Customer Review

Reviewed in the United States on September 15, 2020
I'm a sucker for a good horror anthology; even though by definition, anthologies can be a grab bag, a few good authors can be enough to pull me in, and if I'm lucky, I get a whole lot of other goodness to boot. That was definitely the case with Miscreations: Gods, Monstrosities, and Other Horrors, a dynamite anthology featuring works by Victor LaValle, Laird Barron, Josh Malerman, and plenty more, all writing around the broad theme of "monsters." That very broadness gives the anthology a lot more variety than many of its ilk often can manage, meaning that you never get the same idea more than once, much less the same concept or notion.
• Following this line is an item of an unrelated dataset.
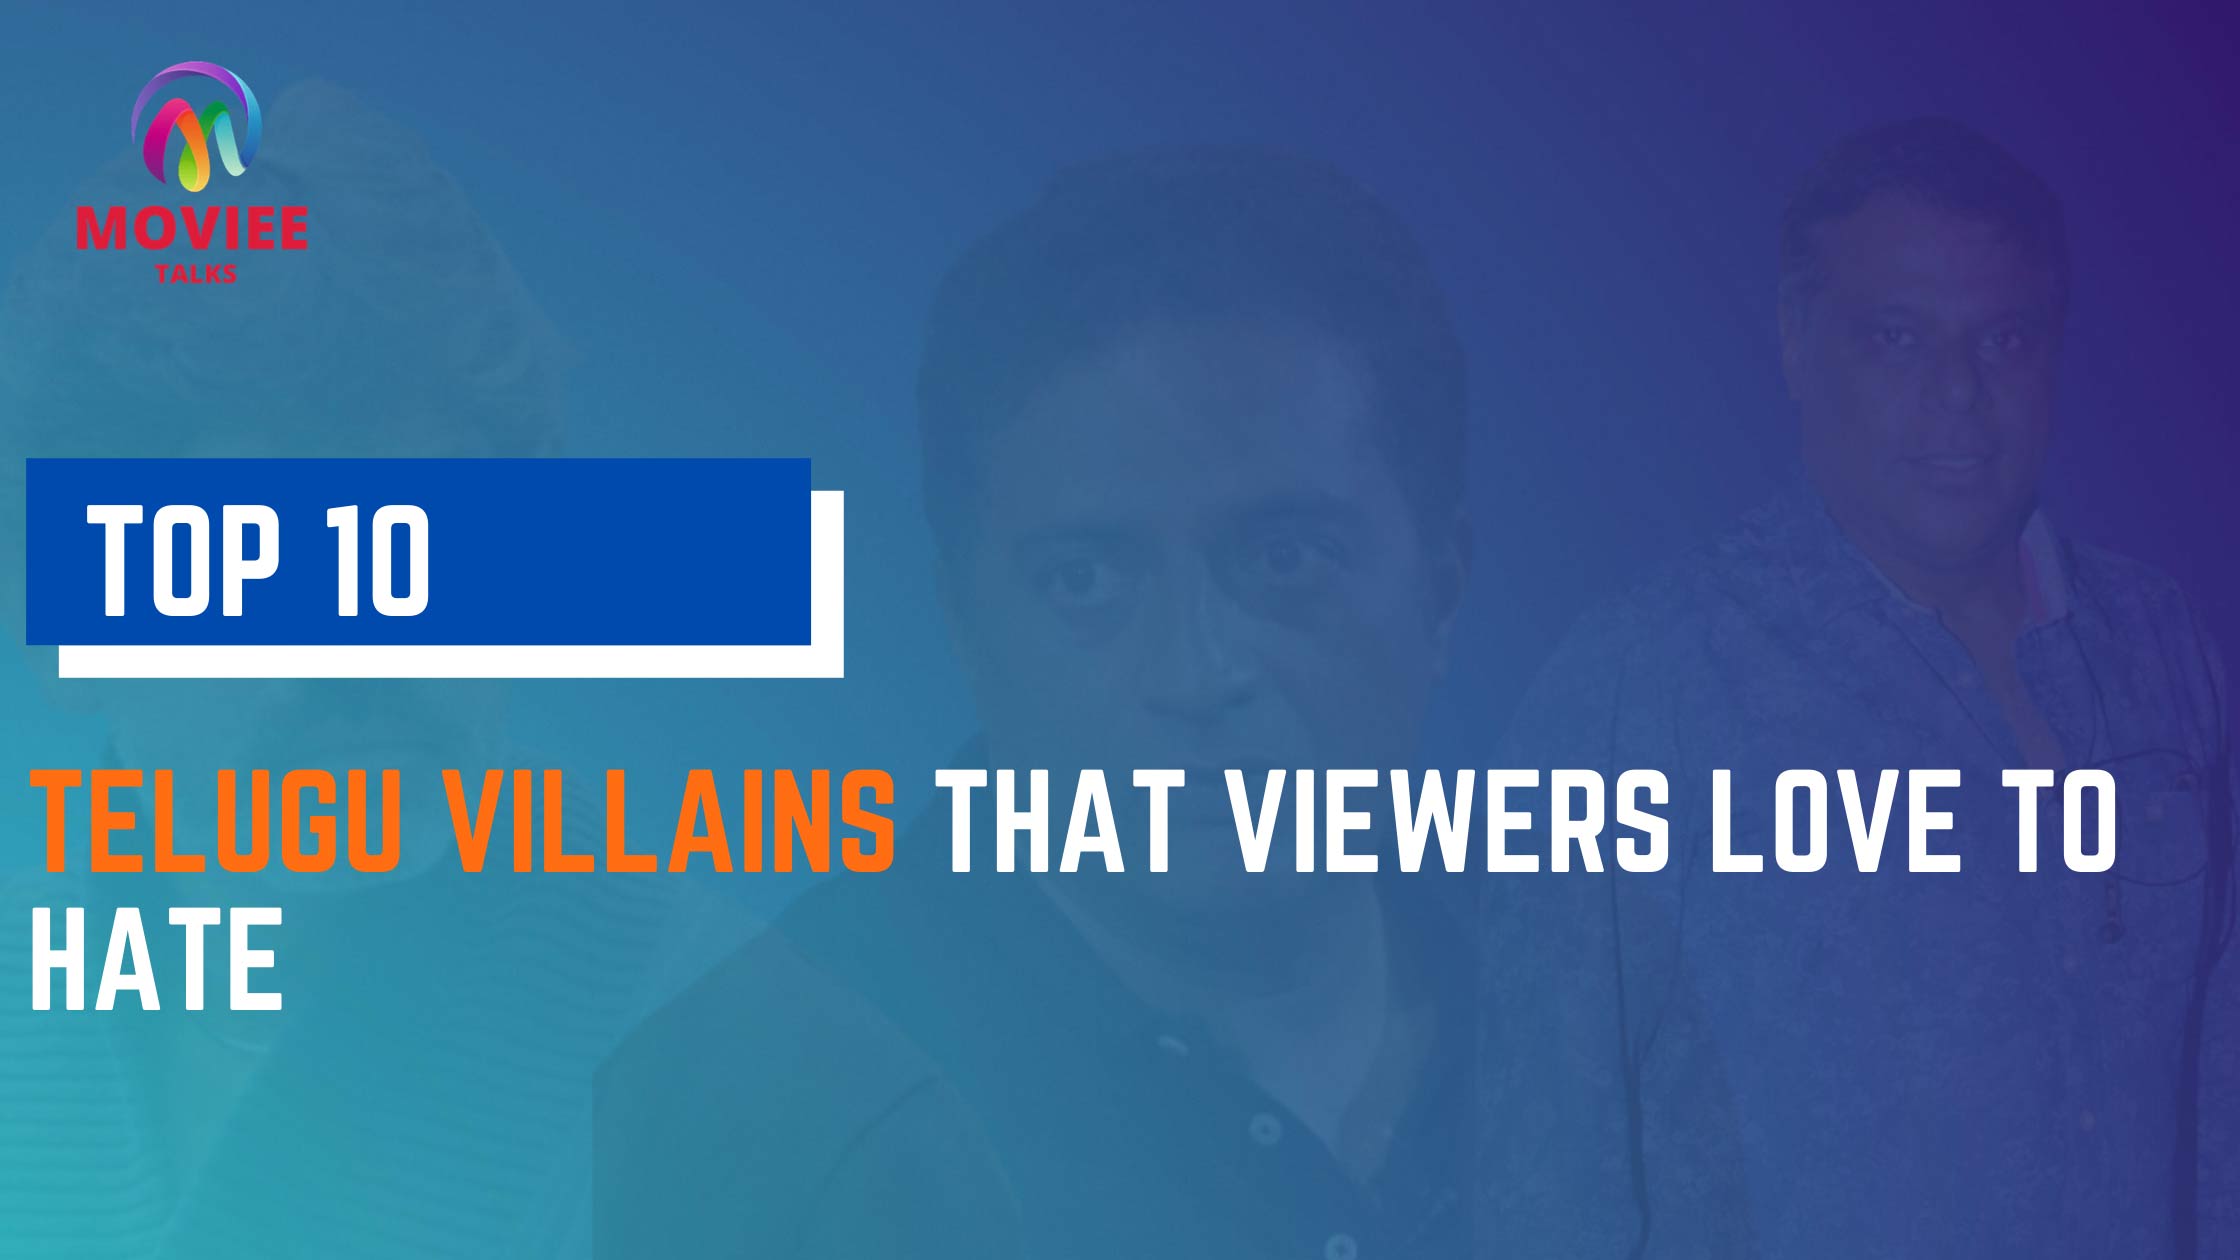 Top 10 Telugu Villains That Viewers Love to Hate
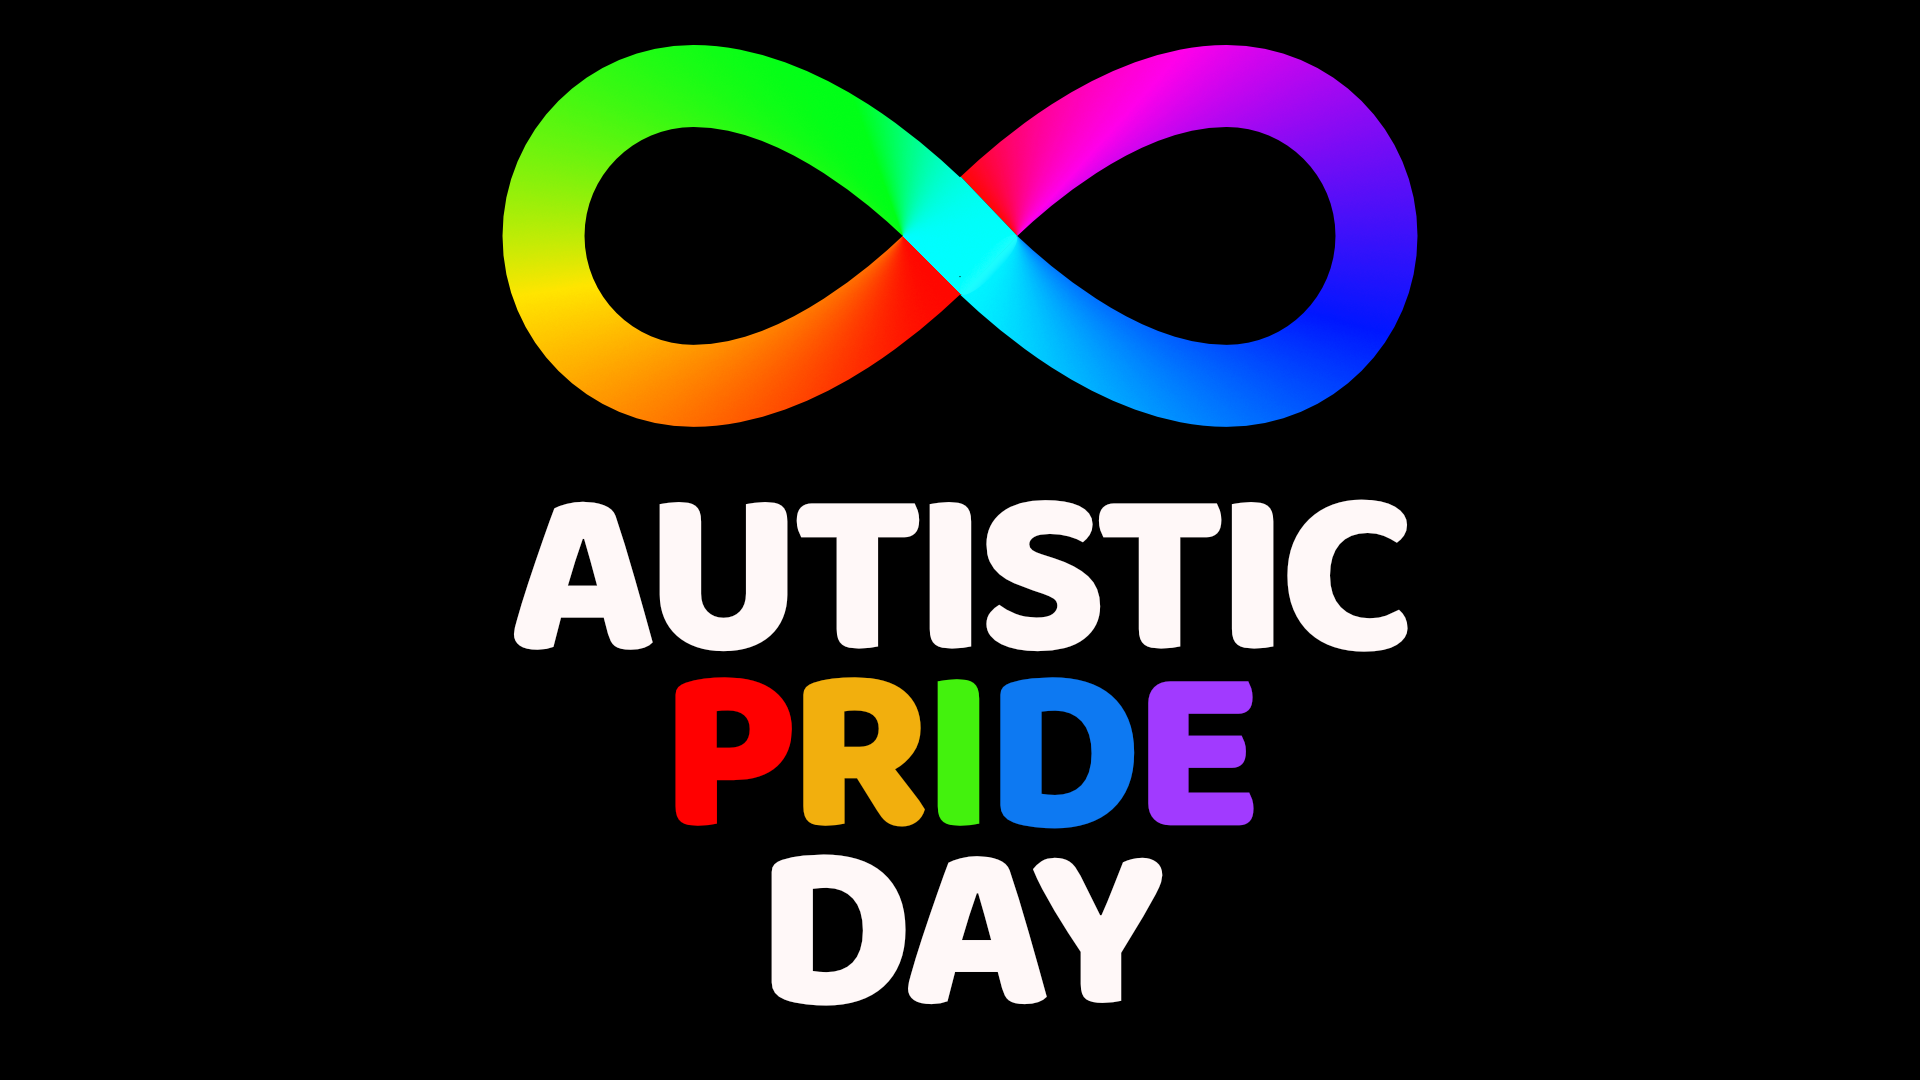 Autistic Pride Day 18 June ஆட்டிஸ்டிக் பெருமை நாள் 18 ஜூன்

Want a semi-sequel to Frankenstein written in the same rich epistolary style as the original? Check out Theodora Goss's "Frankenstein's Daughter," the collection's closer, and one that earns that position and then some with its rich followup to a classic. Or there's Joanna Parypinski's "Matryoshka," a story that uses Russian nesting dolls to dive into some truly unsettling family dynamics. Michael Wehunt's "A Heart Arrhythmia Creeping into a Dark Room" feels like nothing else in the collection, opening itself up as the writer's efforts to write a story for this very collection before turning...sort of...into something else. Beyond that, there's so much more, from poems about the day everyone turned inside out (Linda D. Addison), Lisa Morton's unsettling variation on the Frankenstein trope "Imperfect Clay," or the knockouts by all of the authors who drew me into the collection in the first place, from LaValle's quietly heartbreaking "Spectral Evidence" to Barron's truly unclassifiable "Ode to Joad the Toad" to Malerman's clever, effective werewolf story "One Last Transformation." It's the rare collection without any serious misfires, and plenty of hits to go around, and that's not something you can say often. Highly recommended for any horror fans out there.